Combination Treatment Fights Mesothelioma “Synergistically”
Cancer researchers in Italy are working on a way to use the body’s own cancer-fighting tools to help boost the effectiveness of chemotherapy for mesothelioma.
They are concentrating their efforts on a protein called TNF-related apoptosis-inducing ligand, also known as TRAIL. TRAIL is a cytokine that is produced by most normal tissue cells but causes apoptosis (programmed cell death) in tumor cells. TRAIL is one of the ways the body helps keeps cancers like mesothelioma from gaining a foothold.
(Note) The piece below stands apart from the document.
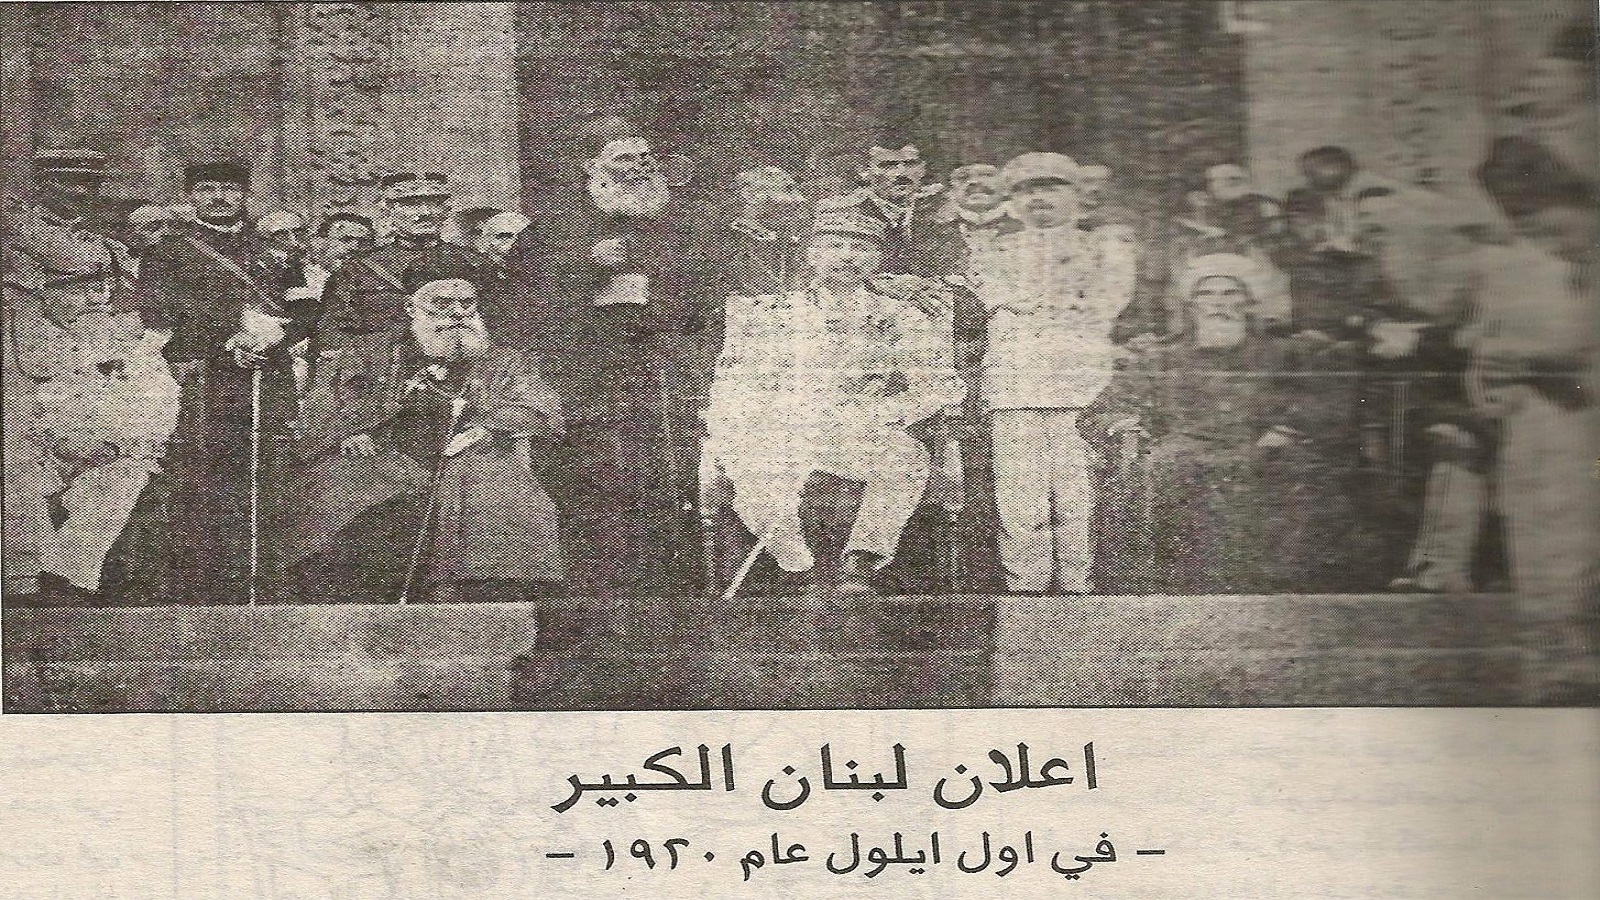 اعلان لبنان الكبير، 1920.

Recently, doctors at the University of Padua ran a test combining a form of TRAIL made from human cells with standard chemotherapy drugs to help fight malignant pleural mesothelioma. The lab-produced TRAIL, called dulanermin, was administered along with pemetrexed and carboplatin to mesothelioma cells in the lab and to live mice with human mesothelioma.
The researchers report a “significant increase of apoptosis” in mesothelioma cell lines treated with the chemotherapy/dulanermin combination. In fact, both in the lab and in the mice, these mesothelioma cells were more responsive to the combination of drugs (which the team labeled CPT) than they were to either chemotherapy or dulanermin alone.
The doctors believe that dulanermin may help block the growth of mesothelioma cell lines by activating certain genes whose job it is to keep cancer at bay. For example, cancer has been shown to proliferate when the tumor-suppressing p53 gene is mutated or inactive. Chemotherapy appears to work synergistically with dulanermin to make cells more sensitive to its apoptotic effects.
“In vitro results suggest that chemotherapy sensitizes malignant pleural mesothelioma to TRAIL-dependent apoptosis through p53 activation and subsequent upregulation of DRs [TRAIL receptors],” writes Giulia Pasello, MD, a medical oncologist and lead author of the study. With more TRAIL receptors, mesothelioma cells are more likely to enter apoptosis.
If additional studies of CPT in animals produce similar results, the next stage would be to test the safety and efficacy of the treatment in human mesothelioma patients.
Source: Pasello, G et al, “Synergistic Antitumor Activity of Recombinant Human Apo2L/Tumor Necrosis Factor-Related Apoptosis-Inducing Ligand (TRAIL) in Combination with Carboplatin and Pemetrexed in Malignant Pleural Mesothelioma.